Work instruction: Repeat the data verbatim, images excluded.
*** Opening of Information supplied ***
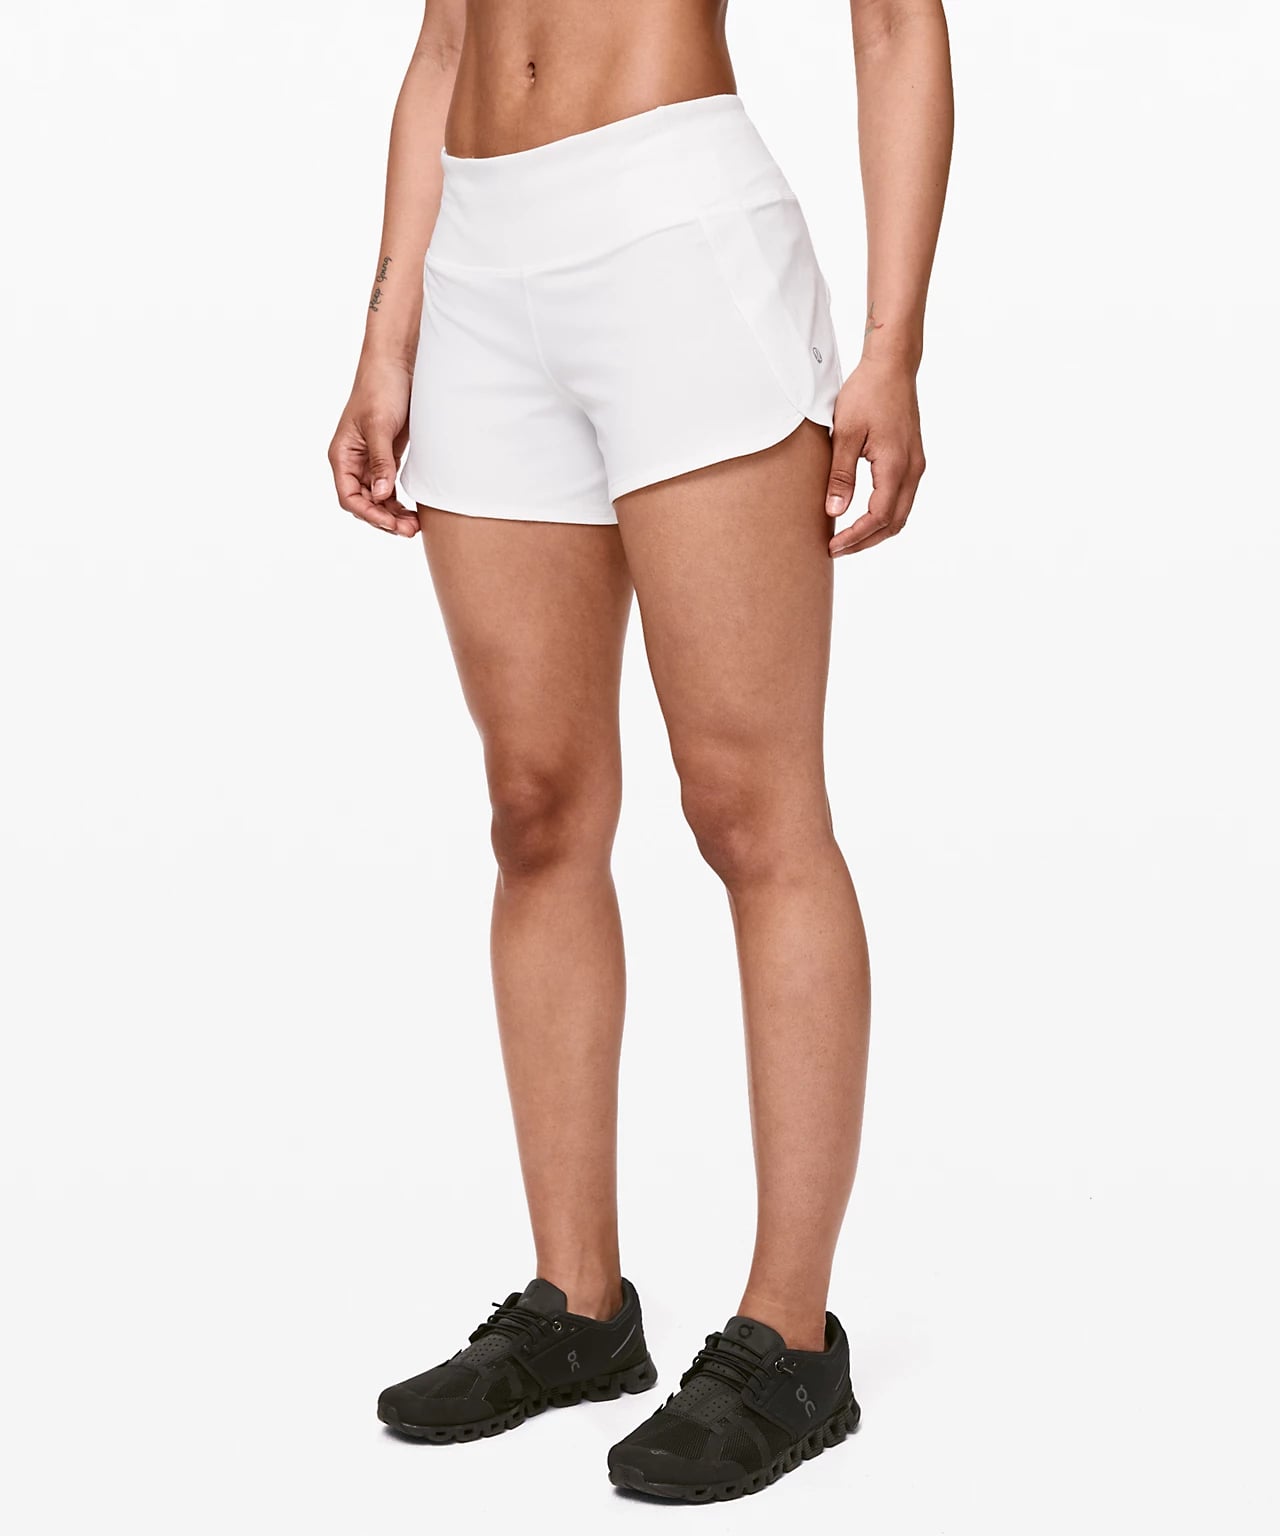 types of lululemon shorts
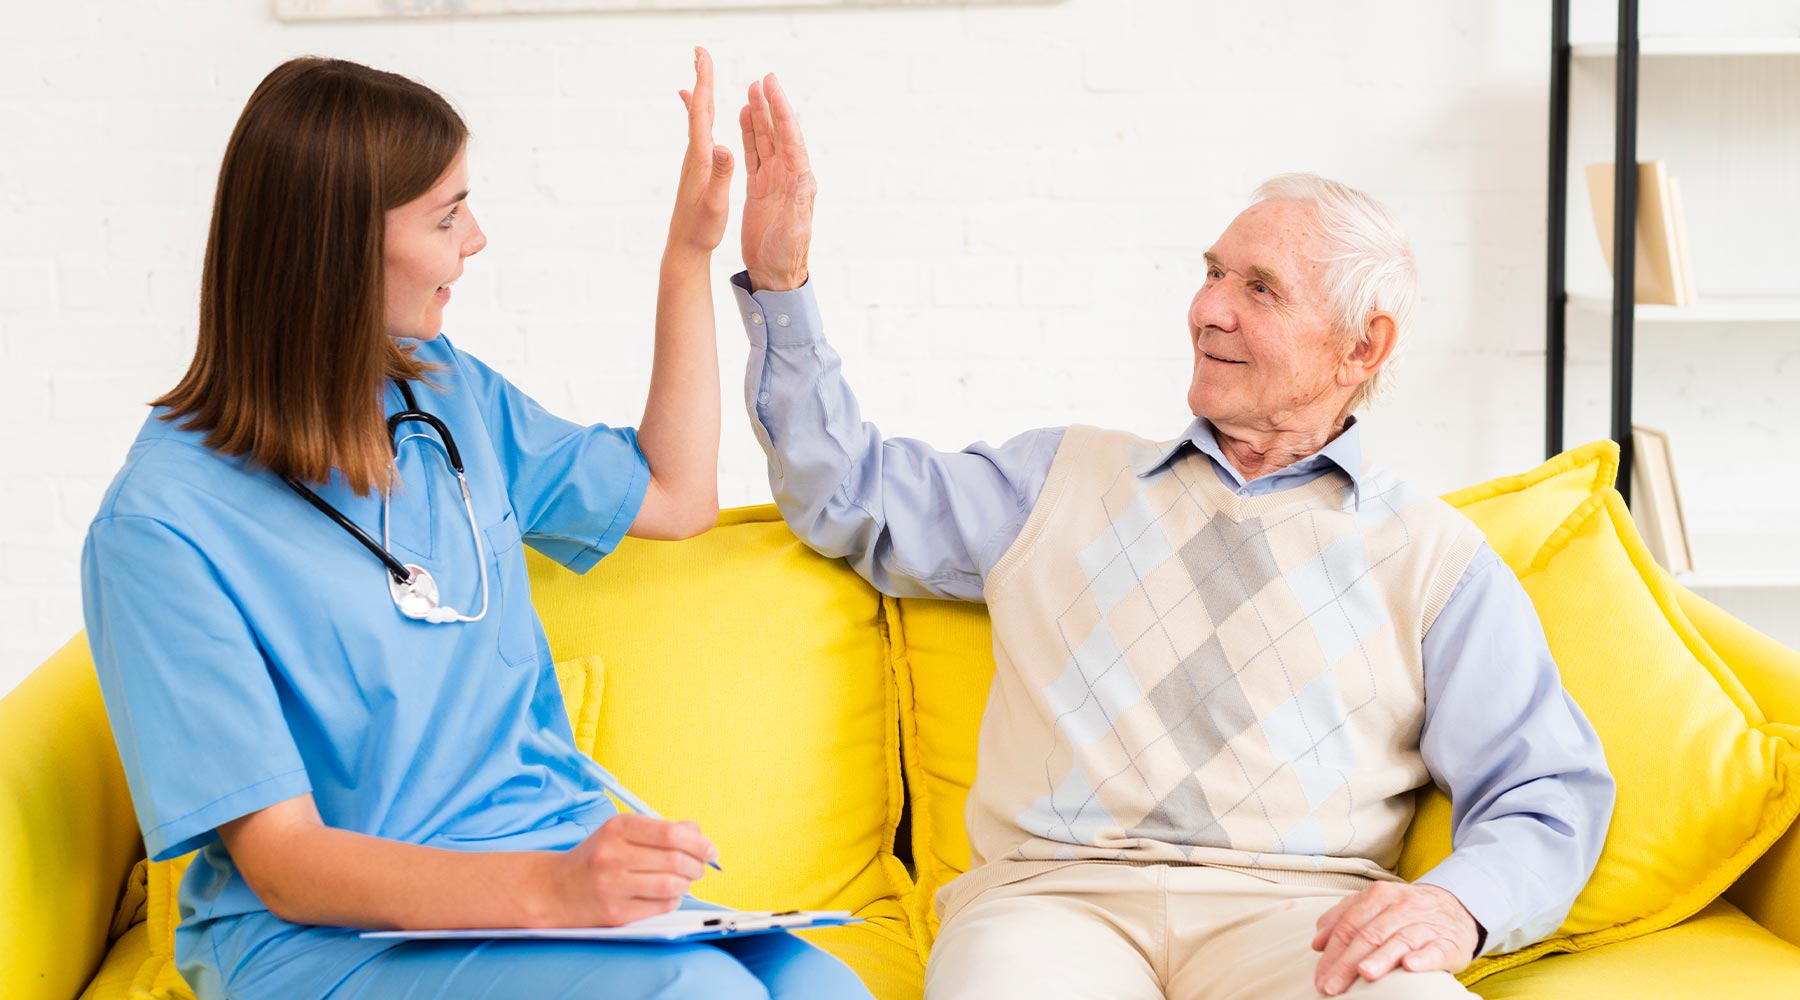 La atención sociosanitaria a personas en el domicilio hace referencia al cuidado de personas mayores por horas o internas en el domicilio del anciano.
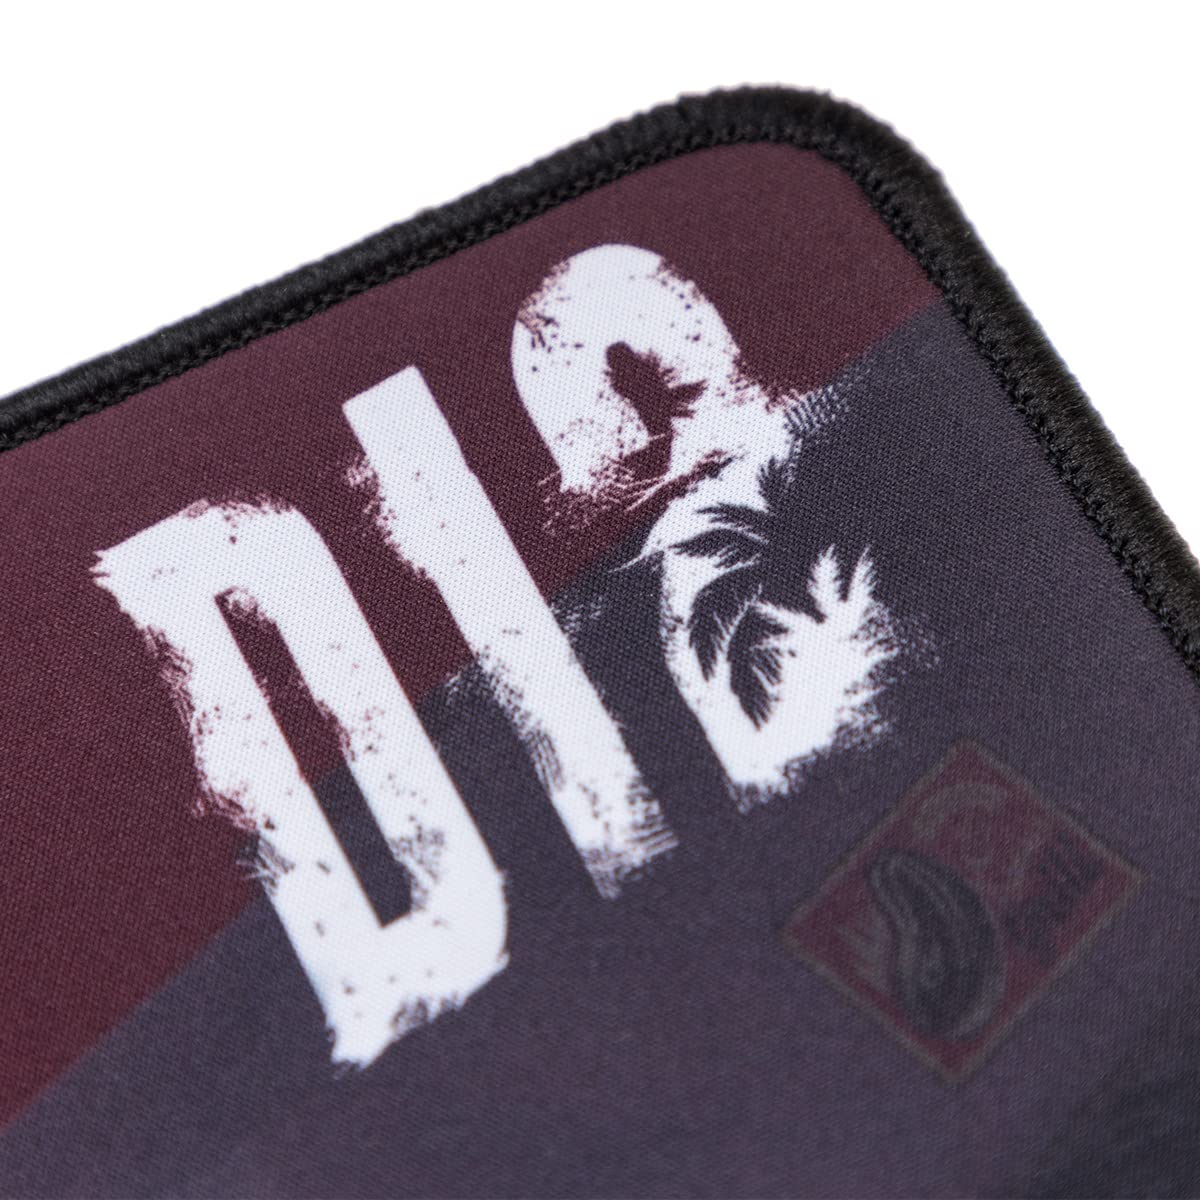 Dead Island 2 Mousepad "Amy" ca. 80x35 cm offiz. lizenziert
*** Close of Information supplied ***
Solution:
 types of lululemon shorts
 La atención sociosanitaria a personas en el domicilio hace referencia al cuidado de personas mayores por horas o internas en el domicilio del anciano.
 Dead Island 2 Mousepad "Amy" ca. 80x35 cm offiz. lizenziert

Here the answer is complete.